Charlotte nevertheless displayed an interest in and openness towards some social causes, mostly to do with the benefit of women. As convention demanded, she took over from her predecessor the patronage of a large number of social and charitable organisations, among them the body of deaconesses (Diakonissenwesen), the Swabian Women's Union (Schwäbische Frauenverein), the Württemberg Savings Bank (Württembergische Sparkasse) and the Red Cross. Among these her interest was most noticeably engaged by those to do in some way with women's causes. She was not of course personally involved in the women's movement as such, but did demonstrate a willingness to further institutions that in various ways improved the lot and social position of women, lending her royal authority above all to support establishments that provided education and training to enable girls to be independent and to provide for themselves through their work.
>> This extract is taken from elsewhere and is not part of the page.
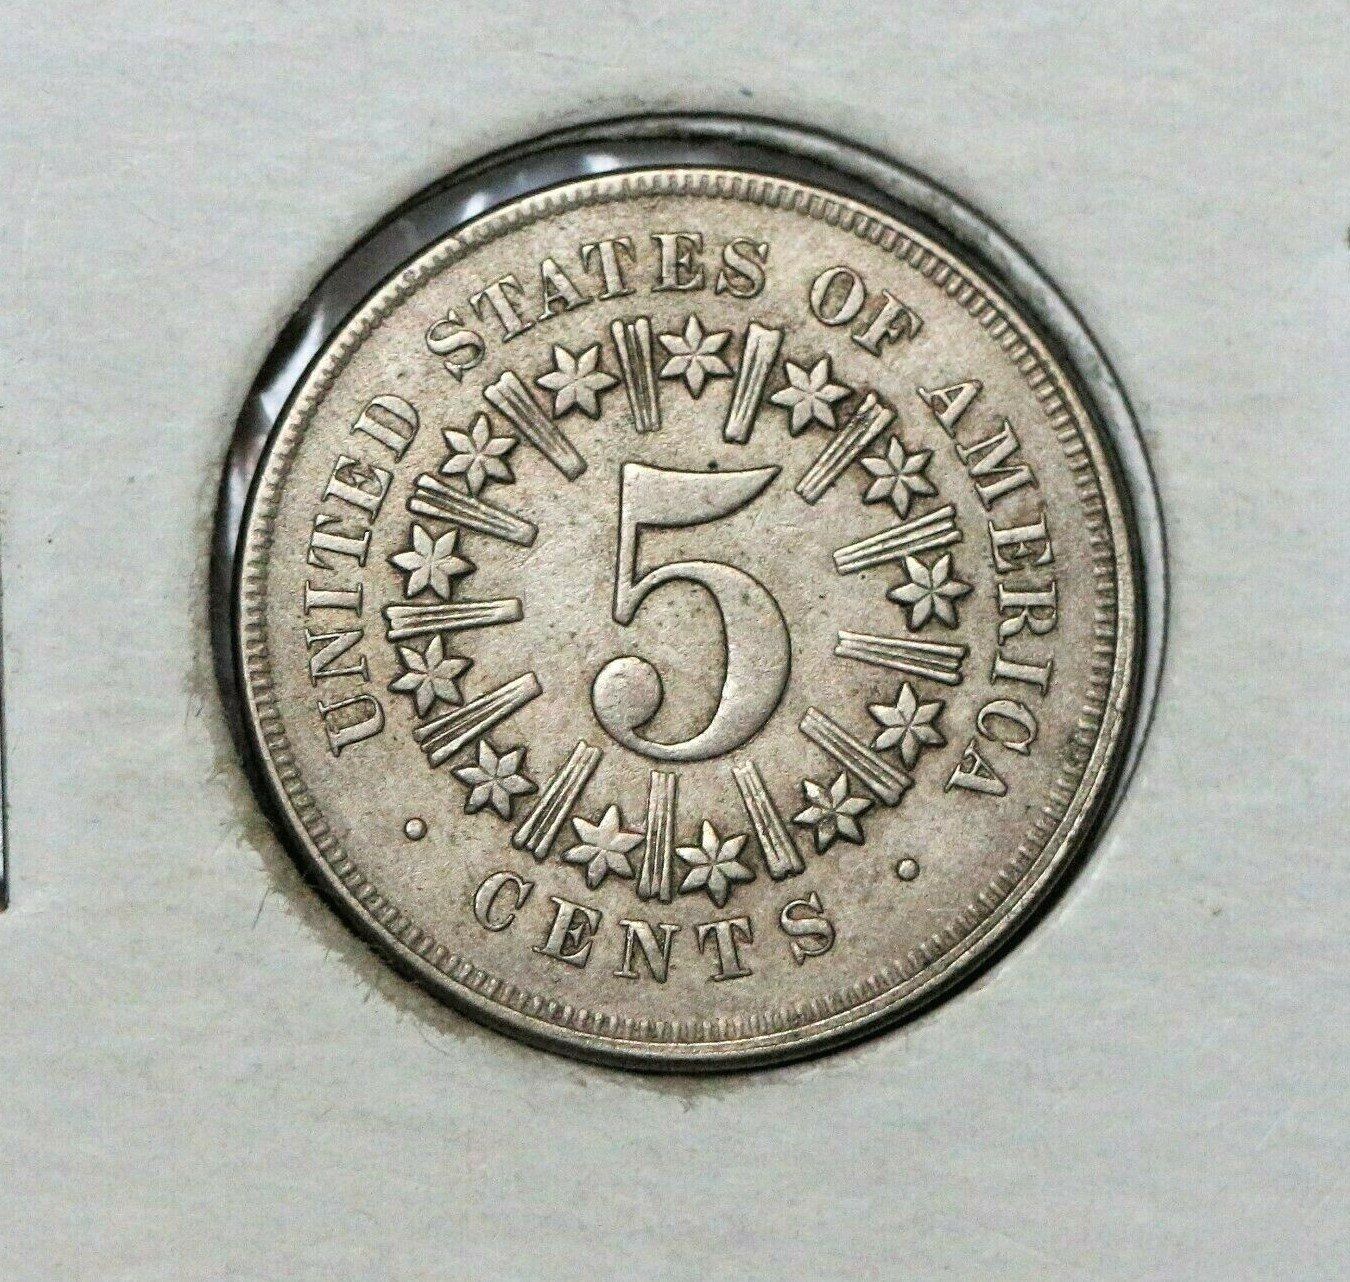 1867 Shield Nickel XF-45 | Of Coins & Crystals

She showed a particular involvement as patron of the Württemberg Union of Women Painters (Württembergische Malerinnenverein) and the first humanistic Gymnasium for girls in Württemberg, the Charlottengymnasium in Stuttgart (today the Hölderlingymnasium).

Her support of the Malerinnenverein connects to her interest in art and culture. Together with her husband she was active in the country's cultural life and often went to the theatre and the opera.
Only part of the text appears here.